Remember the Seyi Omooba controversy? Back in March 2019, she was cast as the lead in the Curve Theatre’s production of The Color Purple. Soon after this was announced, a Facebook post from 2014 emerged in which Omooba said that she believed homosexuality was a sin. Many people complained that someone with such beliefs would be cast to play an LGBT character such as Celie (who, after suffering abuse, falls in love with another woman).

Such was the furore that the theatre recast the role, and Ms Omooba was dropped by her agents. She took them both to an Employment Tribunal, claiming discrimination based on her religious beliefs. I wrote about the case at the time, asking whether homophobic views should receive any kind of special protection when veiled by religious belief. I also wondered why a five-year-old Facebook post had been ‘dredged up’ and whether Ms Omooba had ‘kept her views to herself’ or been sufficiently evangelical that it was appropriate that they affected her employment prospects.

Whenever there is a free speech controversy, many people like to parrot a common refrain: “Free speech does not mean freedom from consequences.”

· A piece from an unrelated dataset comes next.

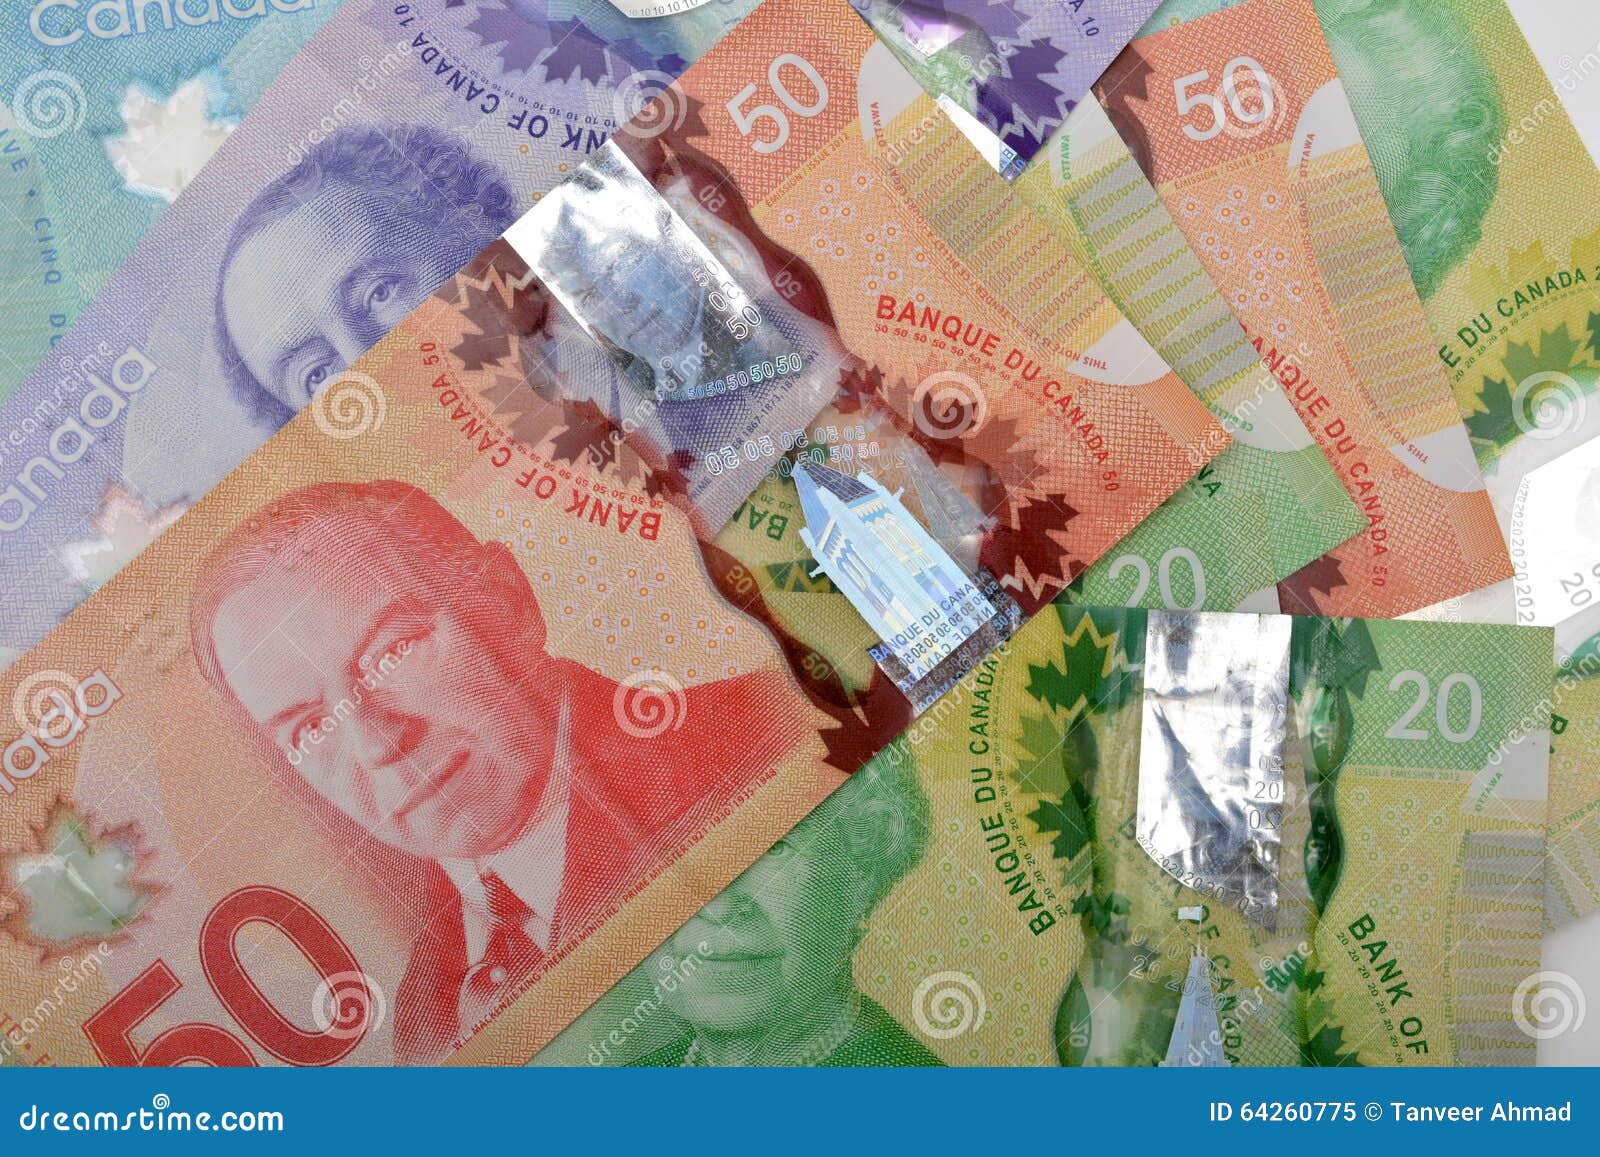 加拿大货币 库存图片. 图片 包括有 松散, 打印, 叶子, 广告牌, 纸张, 新建, 塑料, 货币, 现代 - 42519233

This is true, but it’s also incomplete. Free speech does (or should) mean freedom from some consequences. For example, it can never be appropriate to murder cartoonists because of offensive drawings, or to issue a fatwa in response to a magical-realist novel that insults a particular religion.

Most free speech controversies that splatter themselves over the tabloids and Twitter timelines are really an argument about what consequences are appropriate for the perceived transgression.

Most people agree that the most extreme punishments are rarely, if ever, appropriate. No one should ever be subject to violence because of what they say or believe, and criminalising someone for what they have said should be limited to those who actively incite violence.